Друг мой, по правде говоря, все мы живем в облаках, и нет на свете совершенных умников, про которых выдумано: «если кто сказал А, тот непременно должен сказать Б». Если мы вообразим в действительности жизнь человека сложенной по этой формуле, то А будет чувство собственной личности, это Я, а Б, все то достигнутое всей жизнью, будет дурак и, умирая, такой человек в лучшем случае скажет: «Я был дураком». На самом деле вслед за А никто не говорит Б, в промежутках облака густые, ничего не видно, а жизнь по алфавиту читают только покойники, и неравный брак — сколько я знаю примеров! — у сильных людей давал многим недоступное счастье.

 

На полях Мезальянс — роковое начало романа.

Как говорится, «век живи, а дураком умрешь». Это значит дурак.

 

Инженер Алпатов по первому разговору с матерью понял сам себя, что его попытки в своем семейном устройстве войти в соглашение с матерью — остаток наследственных предрассудков о «счастье» и последний этап их переживания. После того он с увлечением стал рассказывать ей о своем деле в Московском Полесье, что там будто бы есть одно озероРазговор этот был за утренним чаем. Ударили к «Достойной». Марья Ивановна перекрестилась, спохватилась: «Что ж это я!» — и, оставив посуду «на произвол судьбы», отправилась в церковь: ей нужно было там непременно повидаться с соседом-помещиком, переговорить с ним и согласиться выписать пополам небольшую жатвенную машину.

Михаил Алпатов вышел в сад. Роса еще не сошла. Сад блестел. Пчелы гудели на липах. Мезальянс не казался ему посеянным несчастьем. Пахло созревающей грушовкой. Он разыскал под знакомым деревом седое от росы яблоко и не ел его, а нюхал, впиваясь в его аромат. Это не было одно яблоко детства, одно только прошлое. В аромате яблока было и будущее. Он, нюхая яблоко, думал об озере, которое является причиной огромных Полесских болот. Он добьется своего, спустит озеро и… (Его встреча с мужиками: разговор об ораторах; возвращение матери, ее рассказ о парке с цветочками: и я хочу цветок понюхать: эпоха Японской войны. Расставание. Мезальянс.)

 

Почтарь обиделся, что Е. П-а не с ним поехала в Сергиев, и отказался, не предупредив, носить почту. Поди вот делай с таким. Несомненно, что пробуждение личности, — это прогресс. Но ведь личность другого — сама по себе непостижима, и действительный прогресс и личность другого могут быть постигнуты только в творческом процессе. А раз я не могу читать газет и деловую корреспонденцию из-за повышения чувствительности личности почтаря и если я верю, что дело мое выше моих эгоистических интересов, то к черту эту непроизводительную нерабочую личность. Я и досуги свои использую для дела, он ездит за почтой, в карты играет и пьет, к черту, я смету его. Личность другого я могу узнать и оценить только в творческом рабочем процессе.

 

Моя книга возьмет эпоху богоискательства и будет иметь содержанием психологию творческого процесса.

 

К Алпатову.

Его позиция. Все говорят о Боге, он не смеет, потому что для этого самому надо стоять на ногах, самому быть творцом. Но его «сам» не есть только его индивидуальное я — это аксиома его природы, его сила земли, крови, у них разлад, и потому они Бога берут на подпорку своего Я (слабы для просто Я и для Бога). Его везде все принимают как человека от земли.

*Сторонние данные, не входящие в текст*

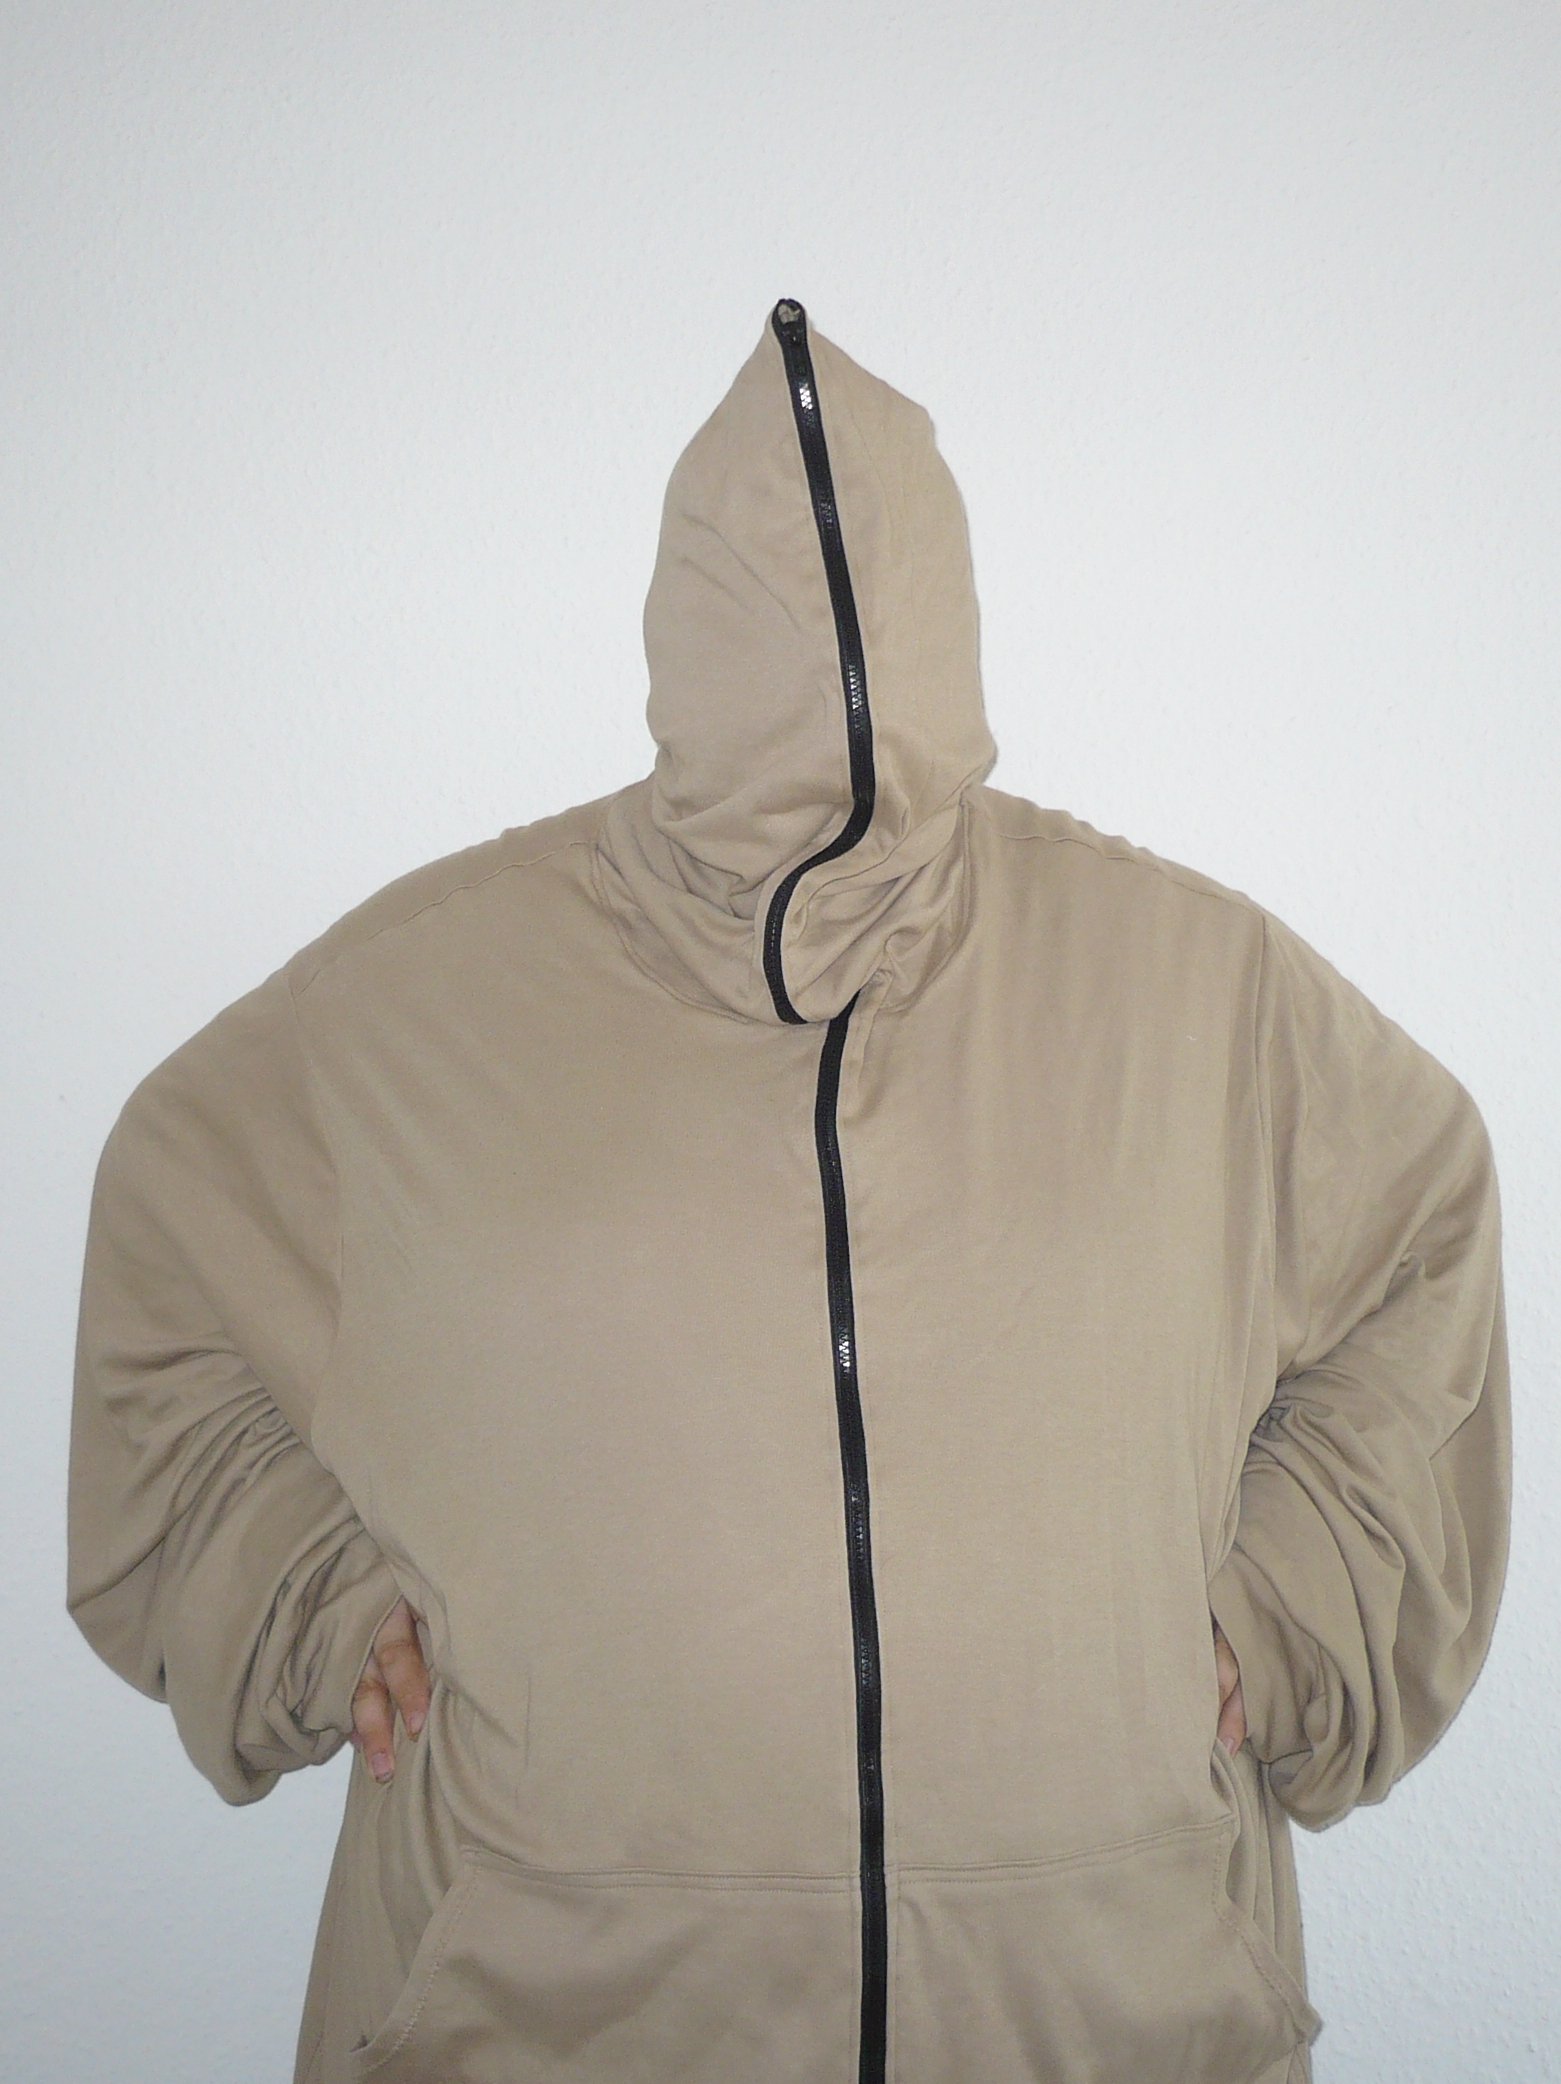 Custom full zipped hoodie from Bentham Sports

Его главная мысль: природа, звери, птицы, растения, потом мужики — это реликты человека.

 

На полях Весь день с утра, натаскивая собак, я слежу за их чутьем и догадываюсь, чем им пахнет, а сам в своем чутье все время в цветах. Мне так отвратительно бывает, когда собака находит человеческий кал и съедает. Не могу отучить, в этом я бессилен, и остается подумать, отчего им мила эта мерзость, а мы ищем аромата цветов.

 

Человек, мне кажется, потому плохо пахнет, что некоторые люди душатся и дают понять этот новый нечеловеческий запах и тем, кто не душится. Если бы не было таких передовых людей с духами, то все люди пахли бы одинаково и не плохо, как пахнут не плохо в зверинце слон и ему подобные звери. Духи же начались от цветов, и вот это удивительно, как люди могли полюбить запах цветов, в огромном большинстве случаев отрицательных звериному запаху. Ни одного зверя в природе не наблюдал я, чтобы он остановился и нюхал цветы. Отвращение к запаху своего пота и других выделений люди получили именно от любви к запаху цветов. Когда человек спаривается и возвращается тем самым к своему первоначальному чисто животному типу, ему нравится запах своих выделений, как собакам…

Замечательно, что девственные трудолюбивые пчелы, занятые вечно цветами, ненавидят запах пота.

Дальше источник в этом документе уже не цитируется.